All numbers come from one fixed, validated harness with enable_thinking=False and deterministic (greedy) decoding. The harness is calibrated against v1's published result: it reproduces duvo-eye-1's ScreenSpot-Pro 72.9 exactly (72.99% on the full 1,581 samples), so the v1 → v1.5 deltas below are a trustworthy, apples-to-apples A/B. Figures are as of 2026-06.

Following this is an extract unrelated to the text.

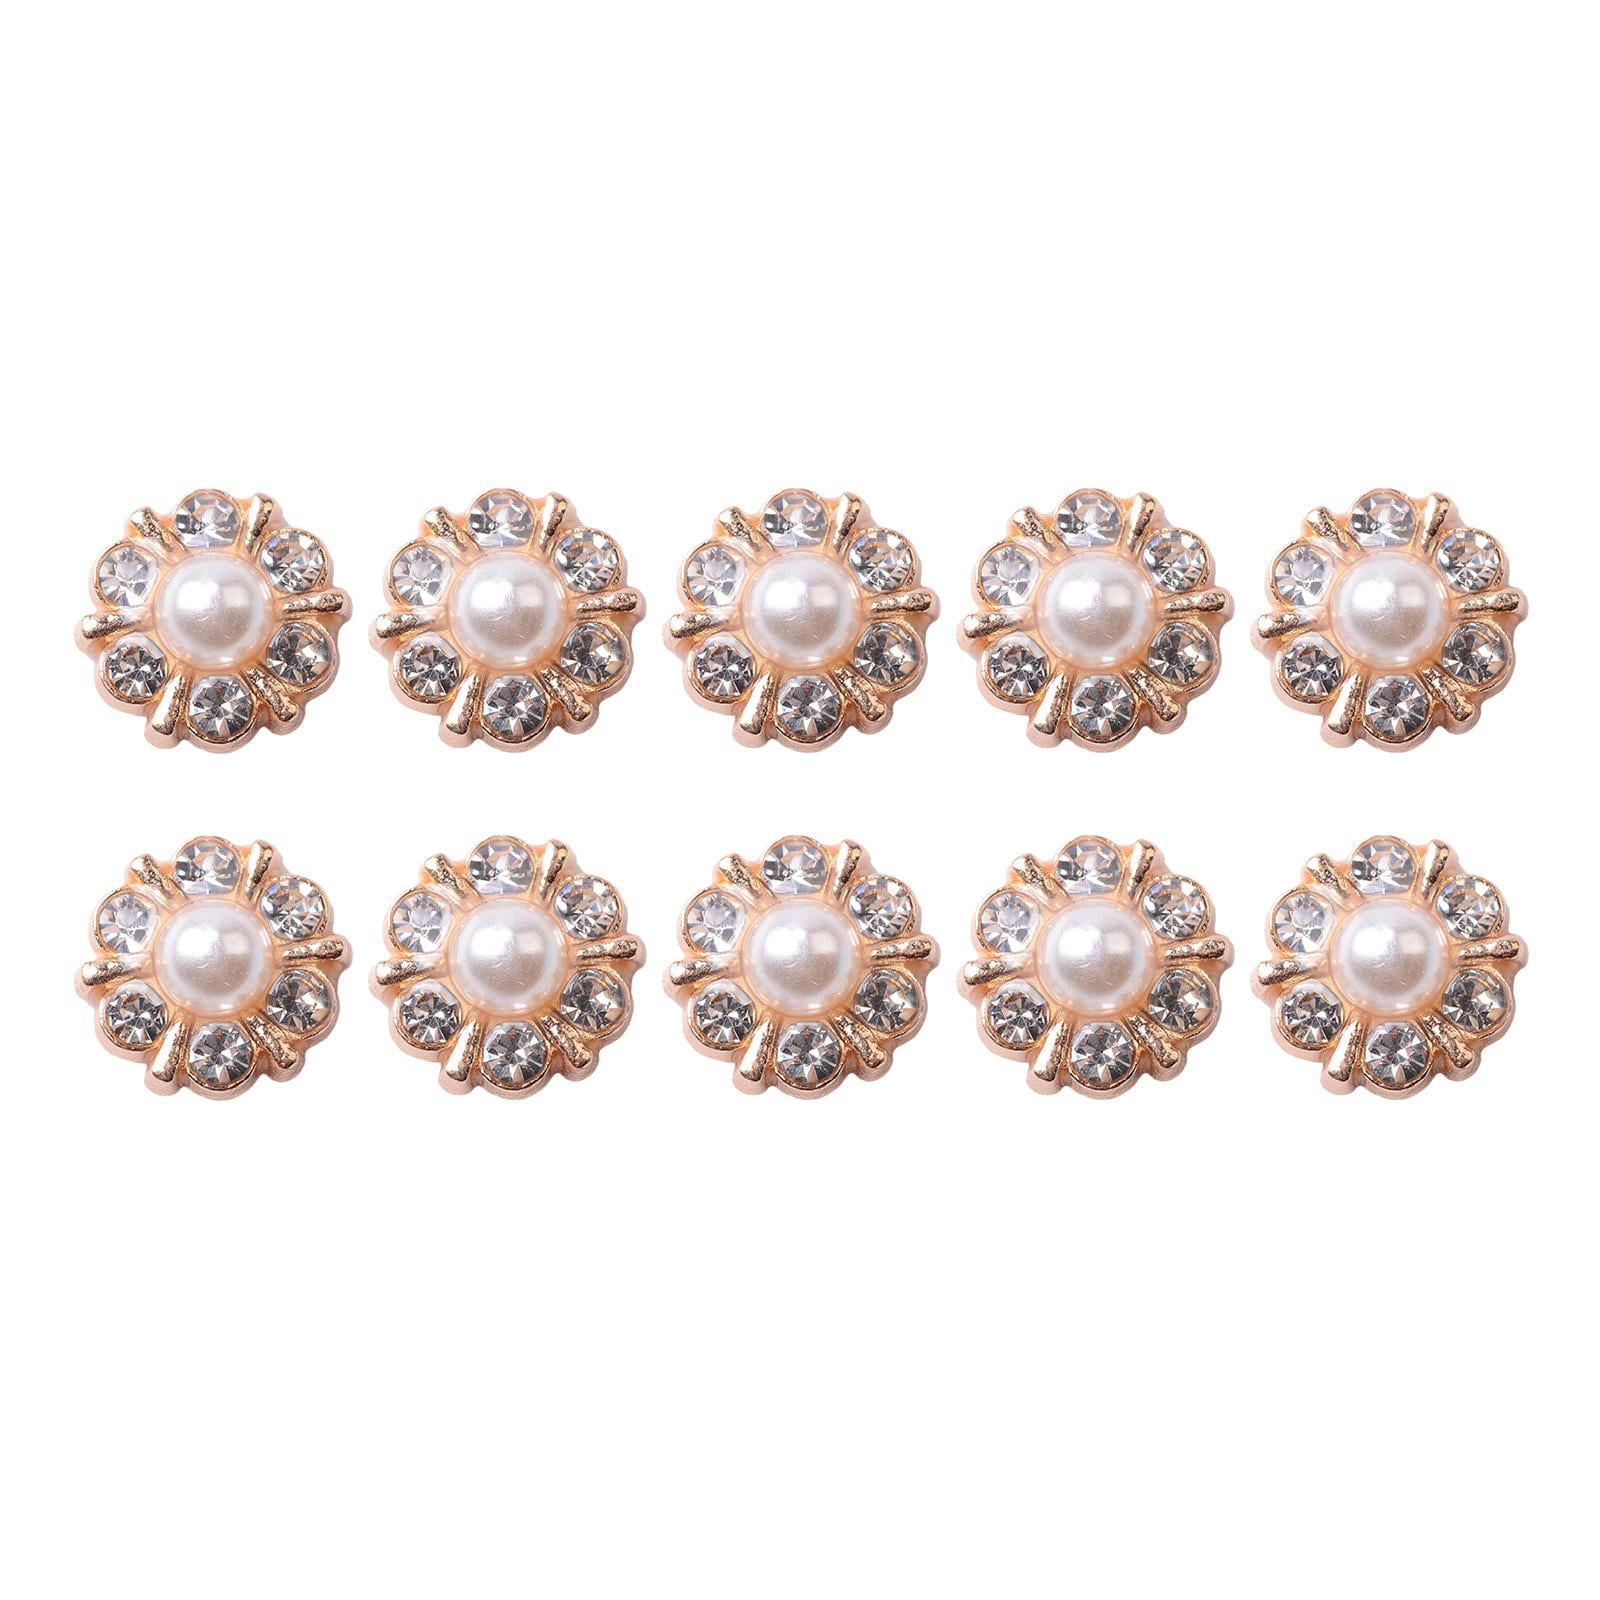 100pcs Multicolor Crystal Flower Shape Rhinestone Buttons Sew On Rhinestone  Flatback Rhinestone Gold Base With Setting Claw Diy Garments Dress Headdre
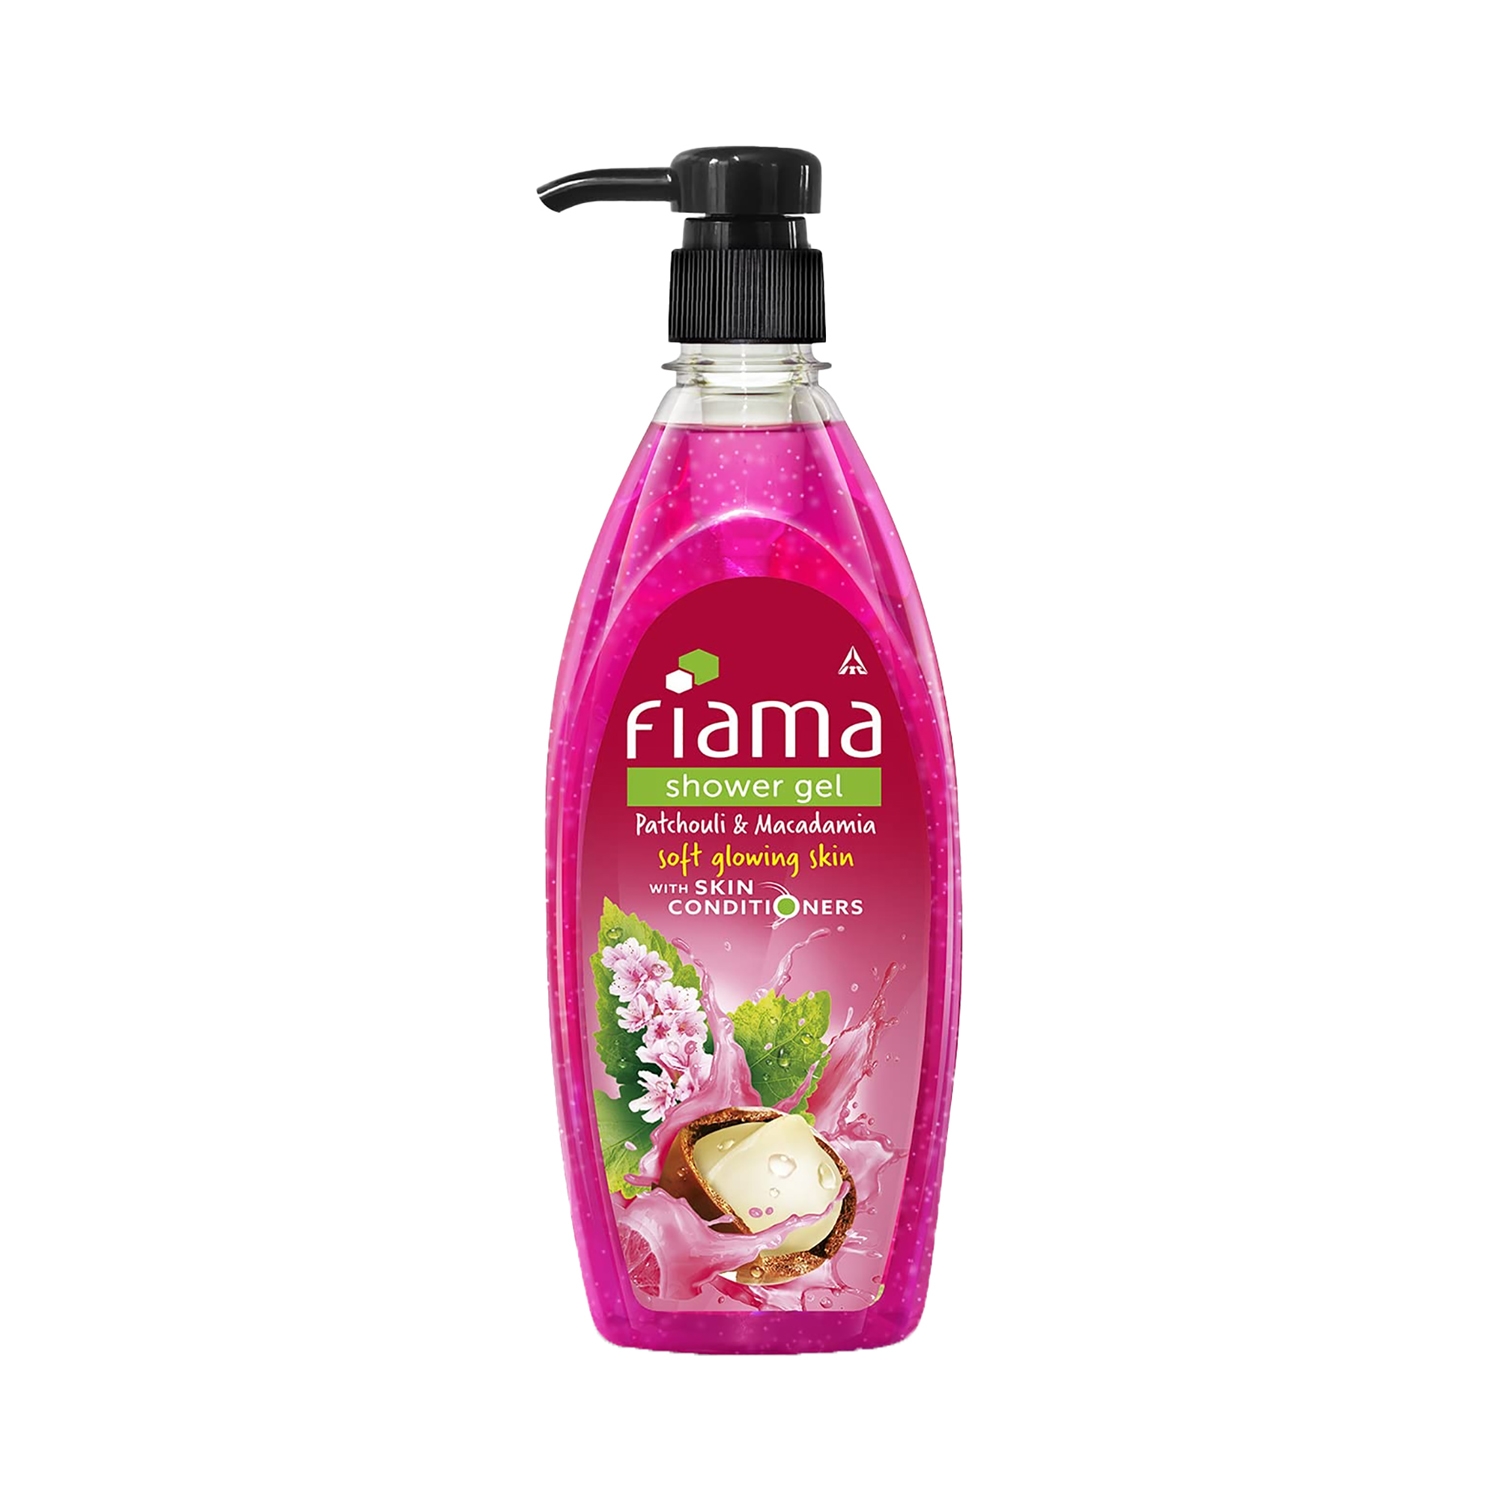 Fiama | Fiama Patchouli & Macadamia Shower Gel With Skin Conditioners (500ml)

Benchmark	duvo-eye-1 (v1)	duvo-eye-1.5	Δ
ScreenSpot-Pro (1,581)	72.99%	73.31%	+0.32 pp
OSWorld-G (510)	80.2%	80.78%	+0.58 pp
UI-I2E-Bench (1,477)	84.2%	84.90%	+0.70 pp

Parse failures were 0% on every board for both models. The v1 column is v1 re-measured under this same harness (the A/B reference); for OSWorld-G that re-measurement (80.2) runs a couple of points above v1's separately-published 78.0/510 due to harness settings — what is comparable here is the within-harness Δ, not the cross-harness absolute.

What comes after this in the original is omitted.